:: Information provided
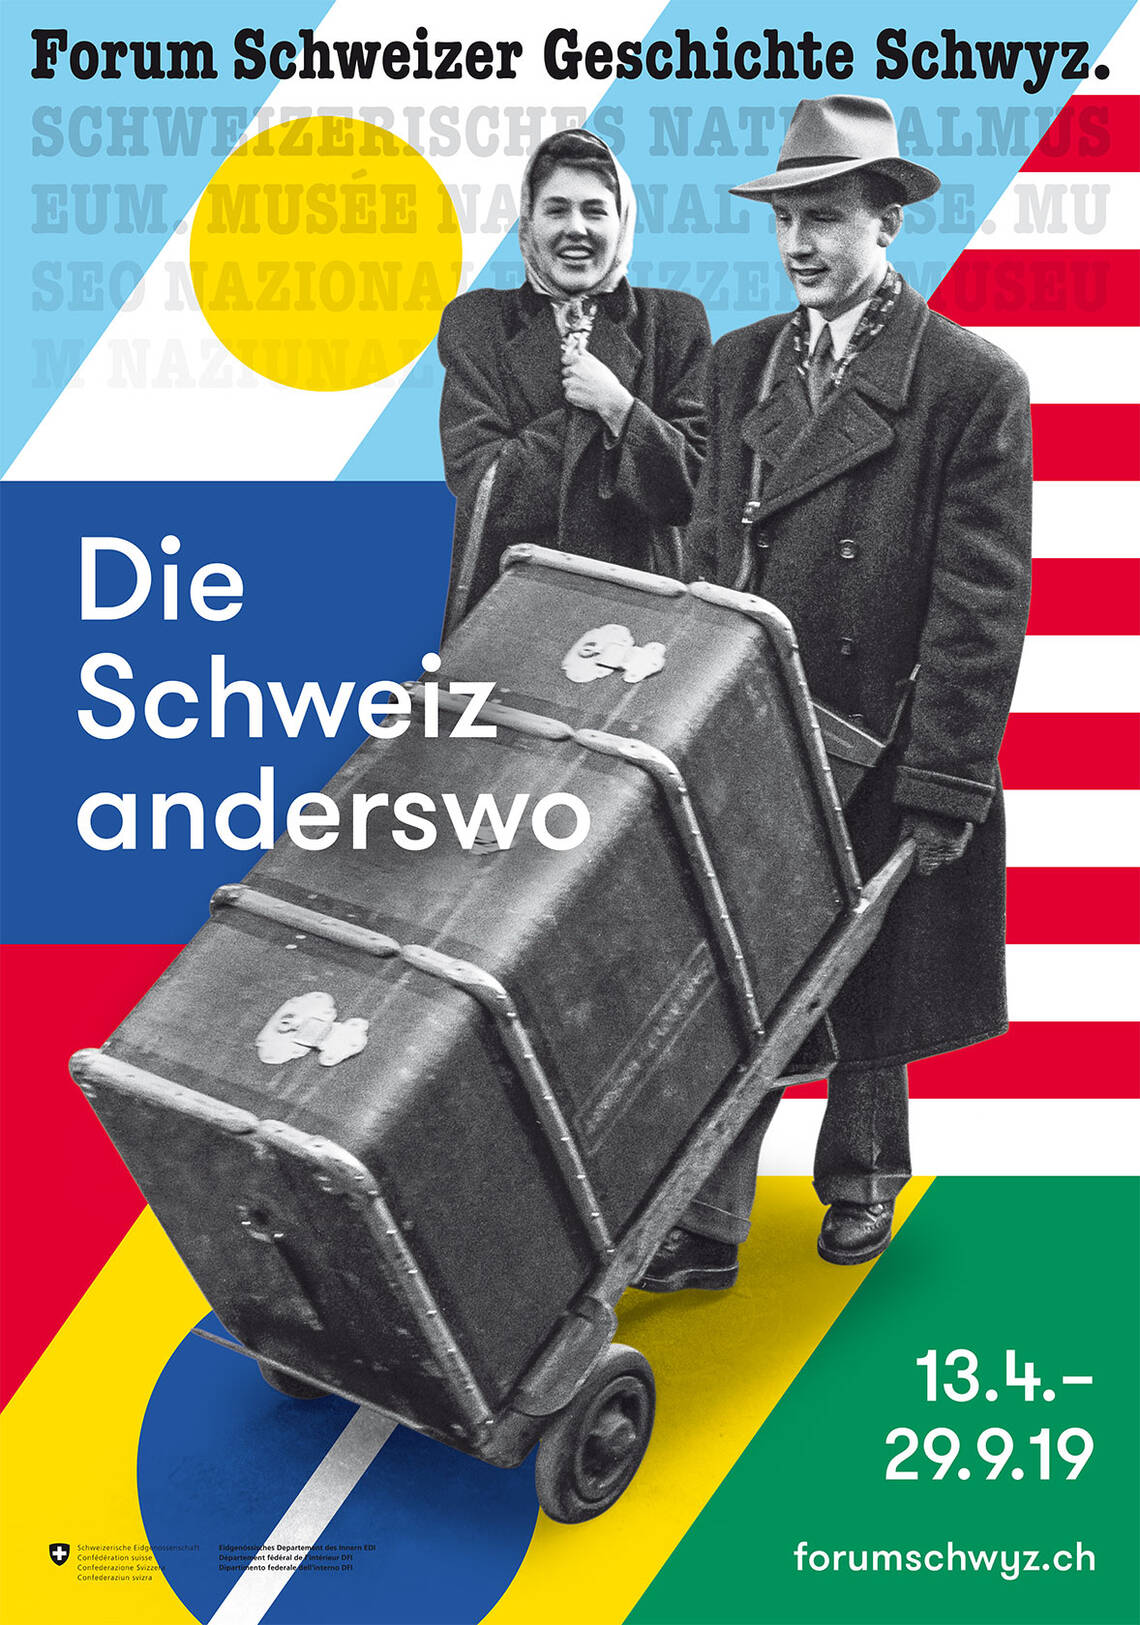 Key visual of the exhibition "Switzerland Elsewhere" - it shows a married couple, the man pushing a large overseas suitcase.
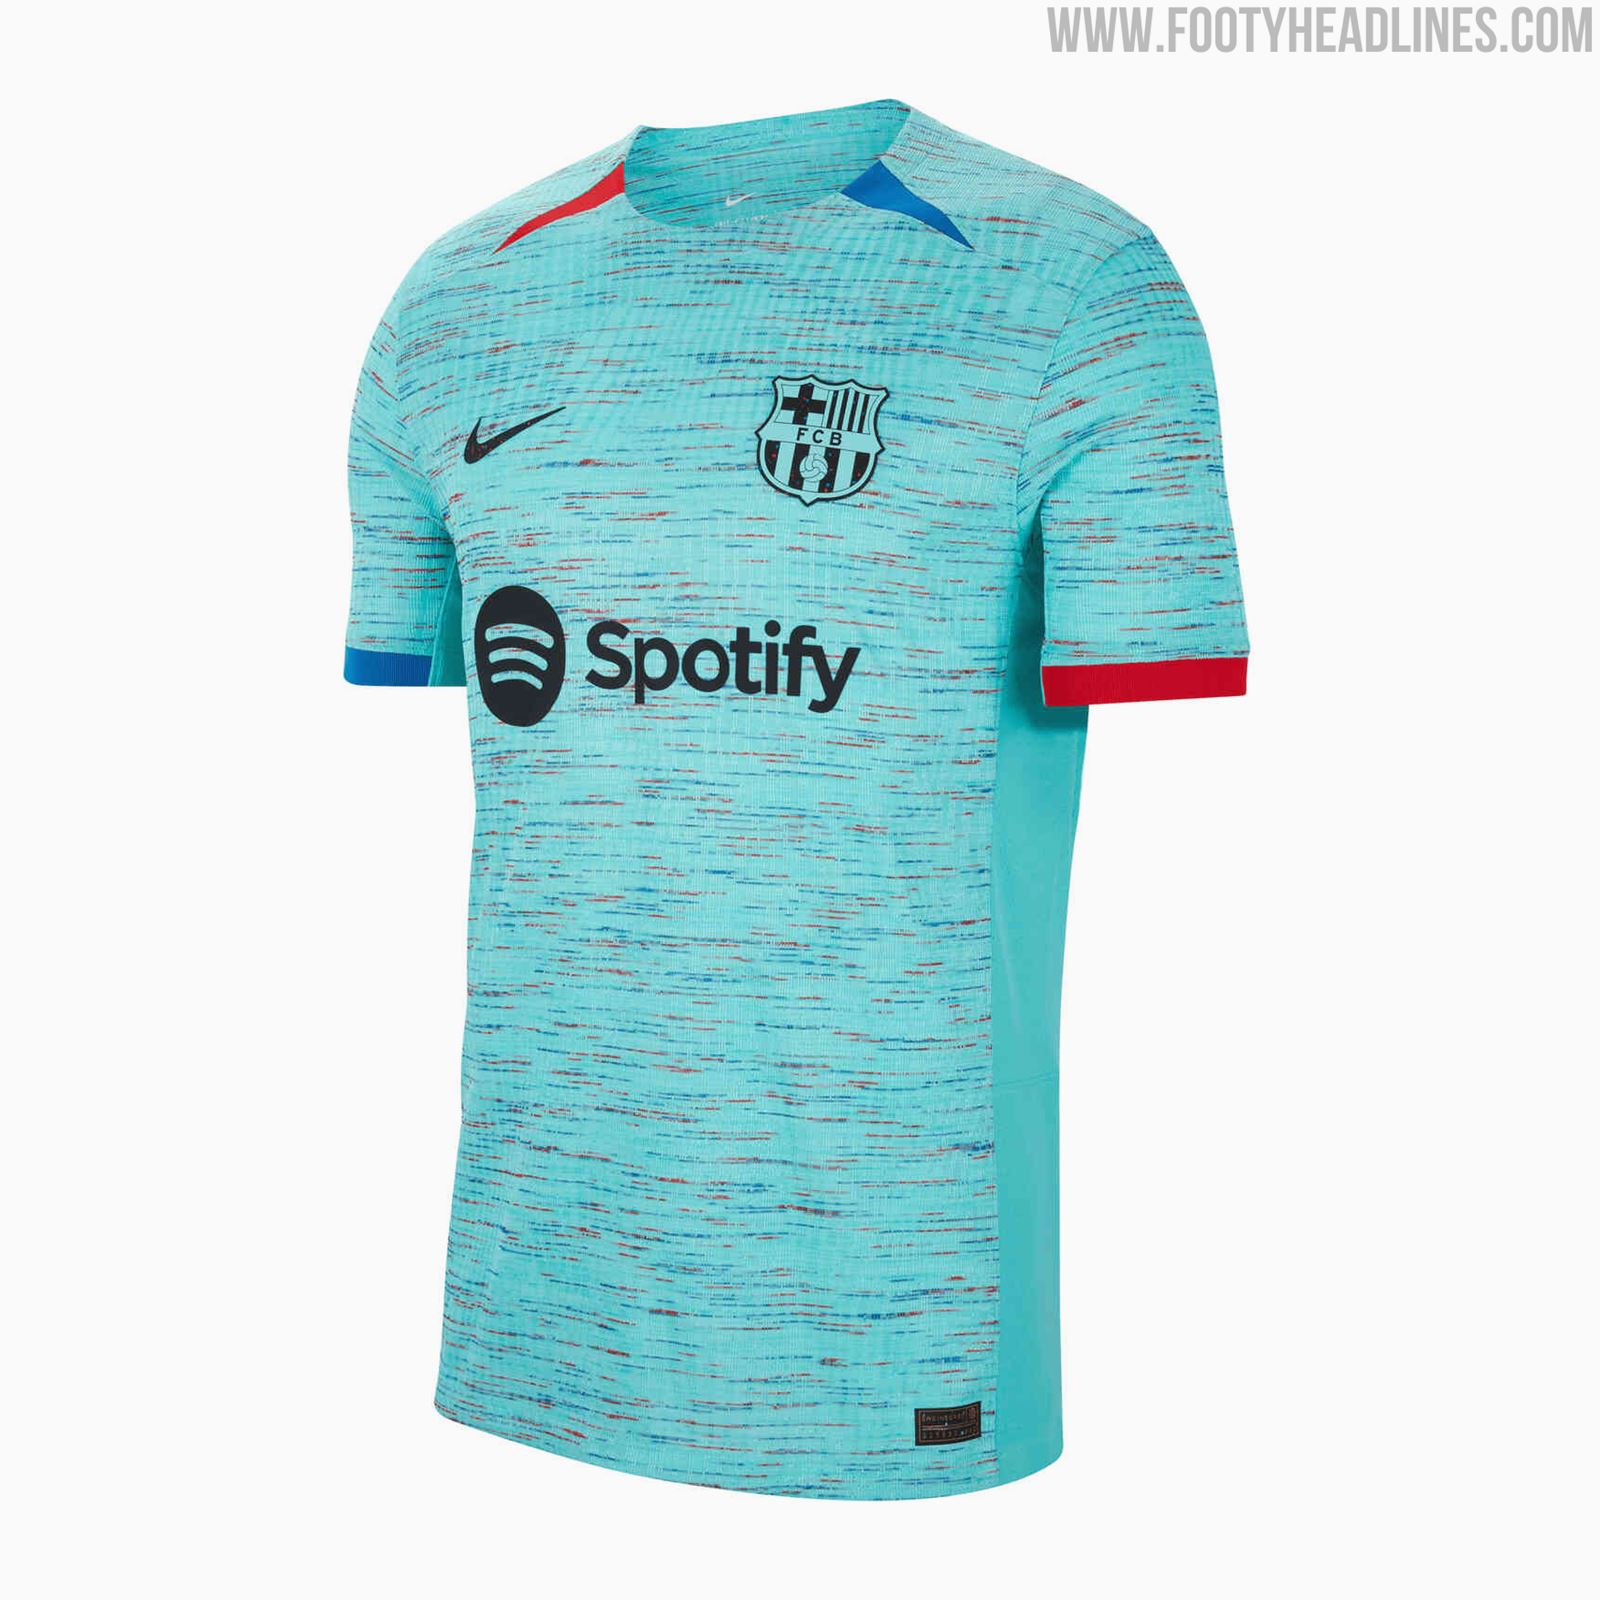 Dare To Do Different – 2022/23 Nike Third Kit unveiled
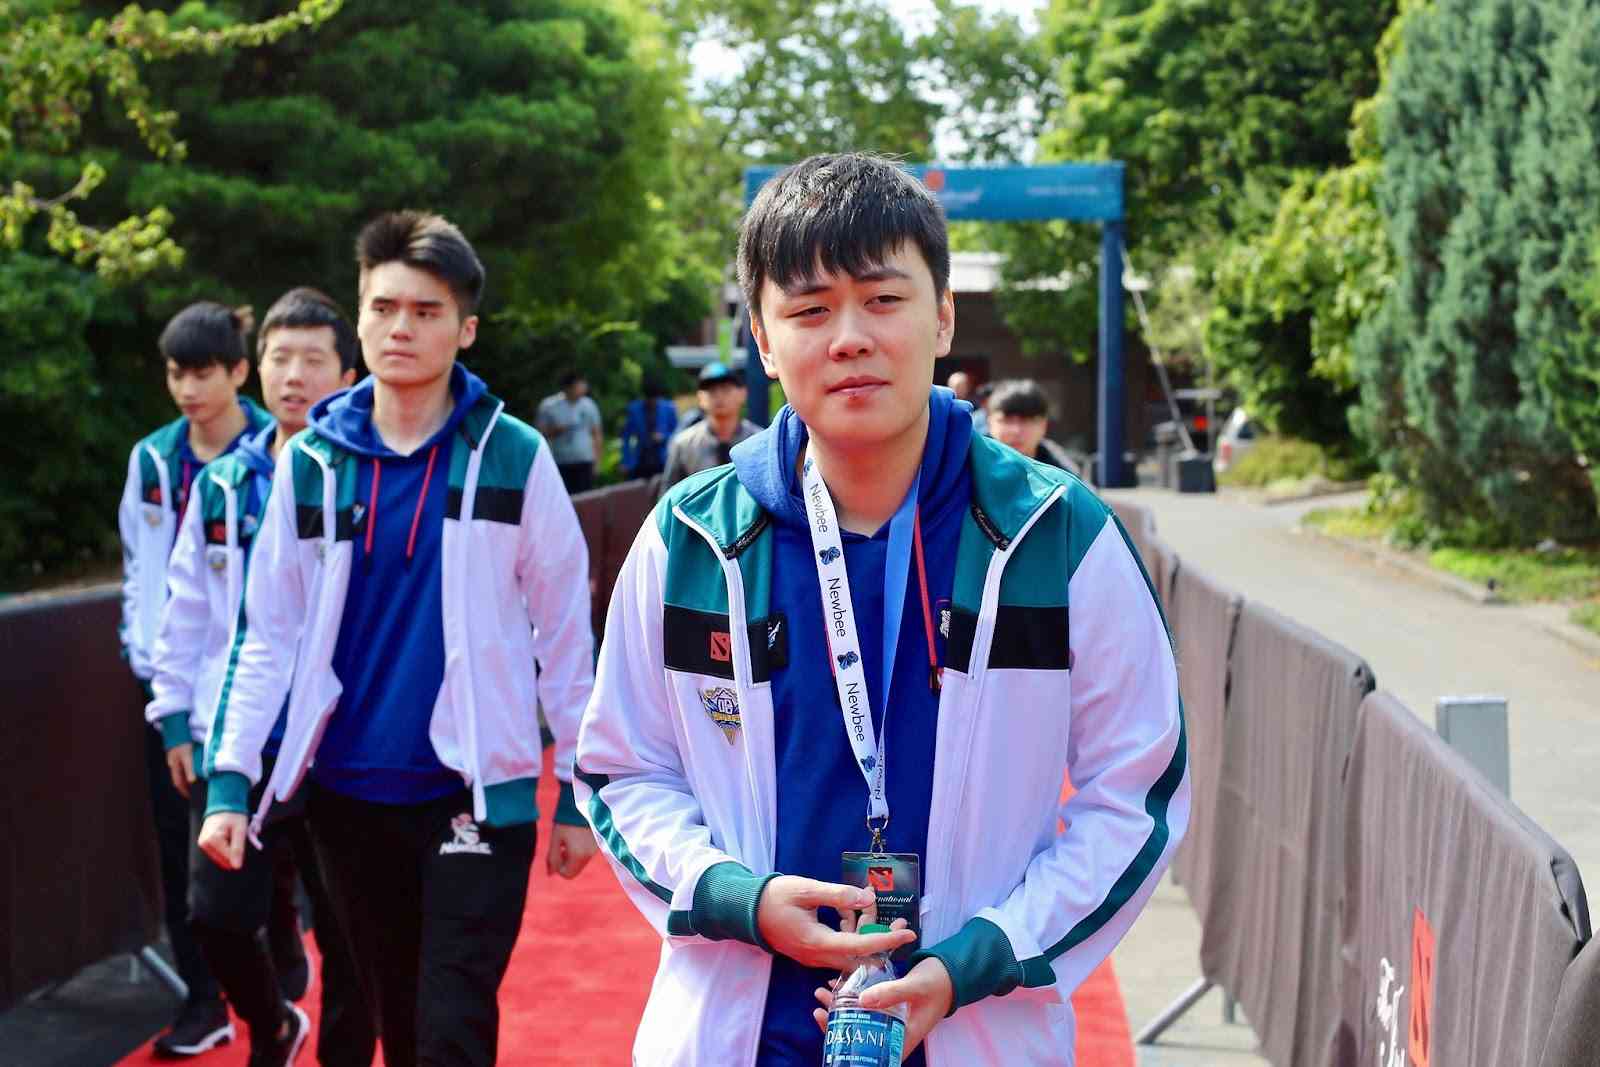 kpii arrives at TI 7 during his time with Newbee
::::
### [Task brief]
Reproduce exactly the line containing "Dare To Do Different" and every line after it in the material above, up to and including the last. Exclude all pictures.

### [Expected output]
 Dare To Do Different – 2022/23 Nike Third Kit unveiled
 kpii arrives at TI 7 during his time with Newbee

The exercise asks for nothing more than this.